The incorporation of the Indians into the body of the nation responds to what Peruvian anthropologist Marisol de la Cadena calls “racial optimism,” which is “the belief that races could be bettered through education.” This nationalist attitude is necessary to establish what French philosopher Etienne Balibar calls “fictive ethnicity,” or the narration able to bind individuals together as a people. Indigenismo is an example of this fictive ethnicity, whose plot consists of the incorporation of the Indians into a civilizing national project in order to achieve their redemption. In addition, indigenismo is an example of what de la Cadena distinguishes as “subaltern or subordinated racism.” Subordinate racism, explains Tarica, sees “culture not as a vessel of immanent qualities but rather of transferable, mobile qualities which individuals can assume or reject as they move through society.” Ultimately, the creation of new subjectivities would be possible due to the mobility of the fictive ethnicities circulating within the cultural imaginary of a society. Such is the case of Mexican writer Rosario Castellanos. In her book Balún Canán, Castellanos articulates an inner feminine voice that recalls the voice of the Indians at the core of the body of the nation. Since both voices are marginal, they would share the place of the Good and True. This inner voice allows her to return to the place of her birth without assuming her position as a landowner. “Her trajectory,” concludes Tarica, “from cosmopolitan disdain to sentimental regionalism to functionary of state, signals the possibilities of individual self-transformation opened by mestizo nationalism.”

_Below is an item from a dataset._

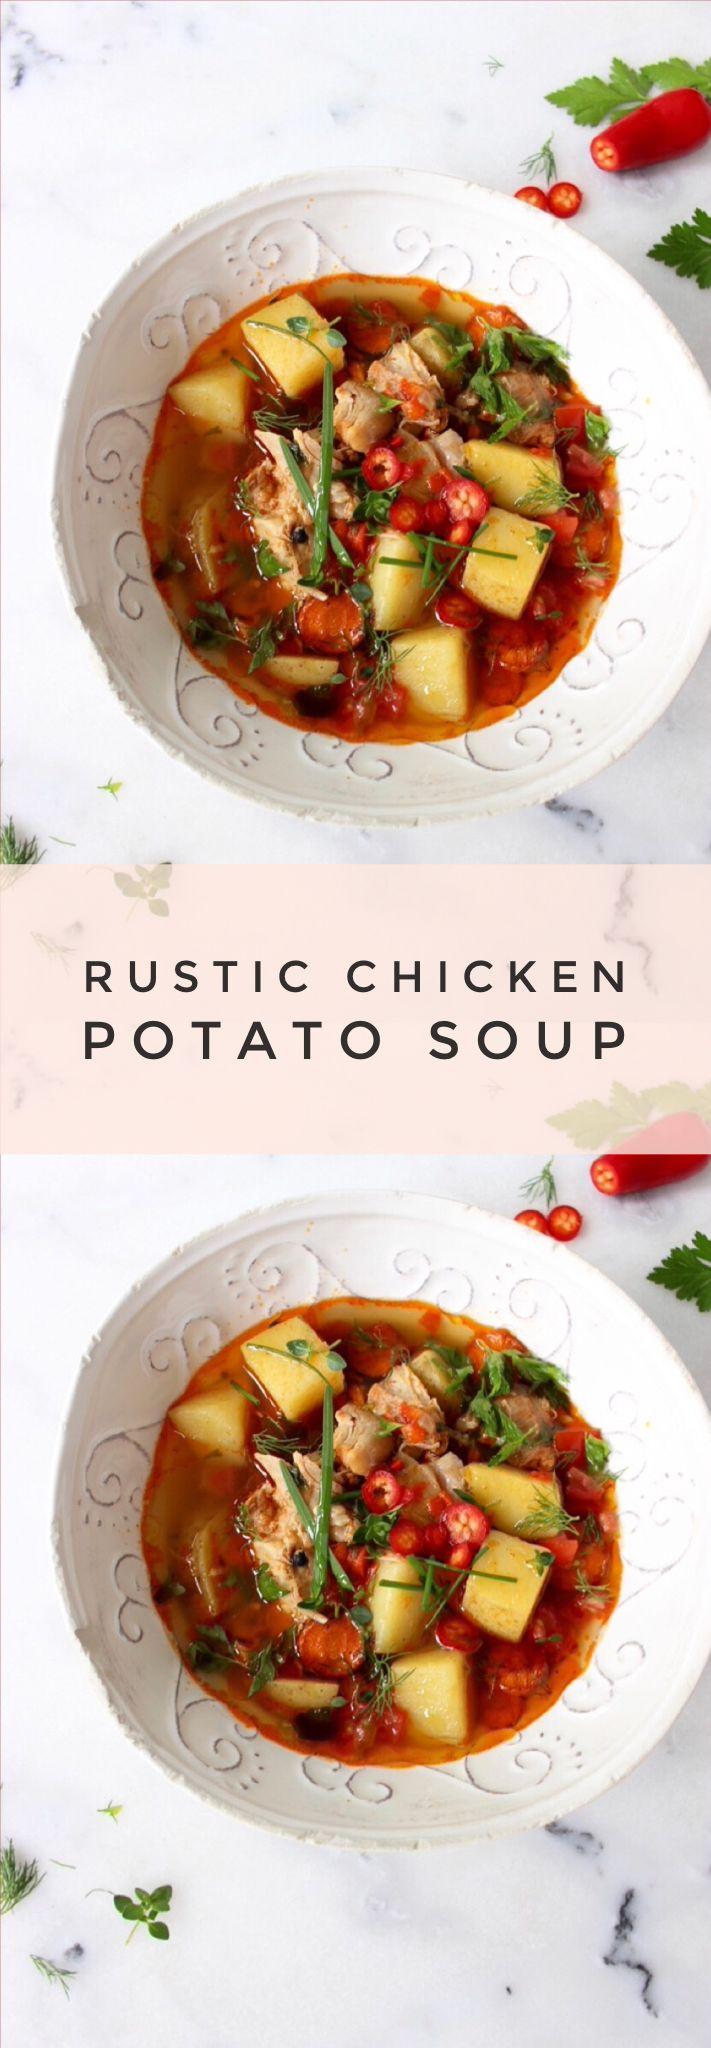 Rustic Chicken & Potato Soup Recipe | CiaoFlorentina.com @CiaoFlorentina

Estelle Tarica is Assistant Professor in the Department of Spanish and Portuguese at UC Berkeley. She presented her paper “Mestizo Nationalism or Listening to Small Voices” at CLAS on March 7, 2005.

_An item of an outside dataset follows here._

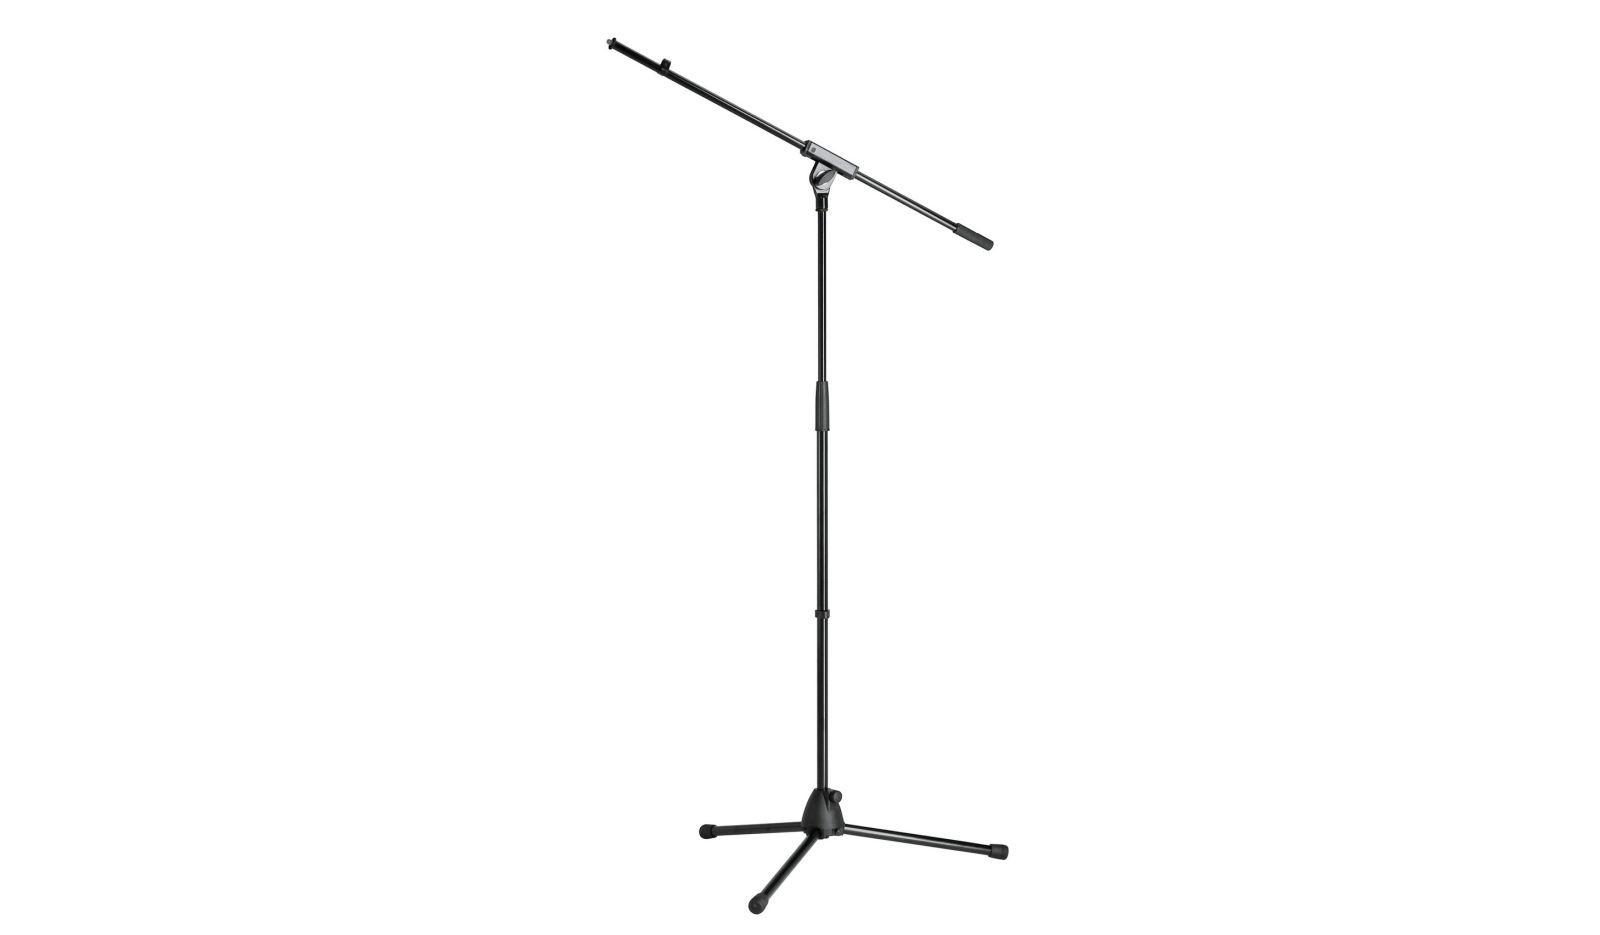 K&M 27105-300-55 Mikrofonstativ

Mónica González is a graduate student in the Department of Spanish and Portuguese.

Original Event Description

In the mid-20th-century, a group of writers from Mexico, Bolivia and Peru attempted to describe what might be called the “inner life” of mestizo nationality. Prof. Tarica will examine particular instances of this mode of narrating the experience of modern nationality; discuss the important role played by indigenismo in making these attempts possible; and address them as forms of what Marisol de la Cadena terms “subordinate racism.”

Estelle Tarica is Assistant Professor of Latin American Literature and Culture at UC Berkeley. She received her Ph.D. in Comparative Literature from Cornell University and is currently finishing her first book, Intimate Indigenismo.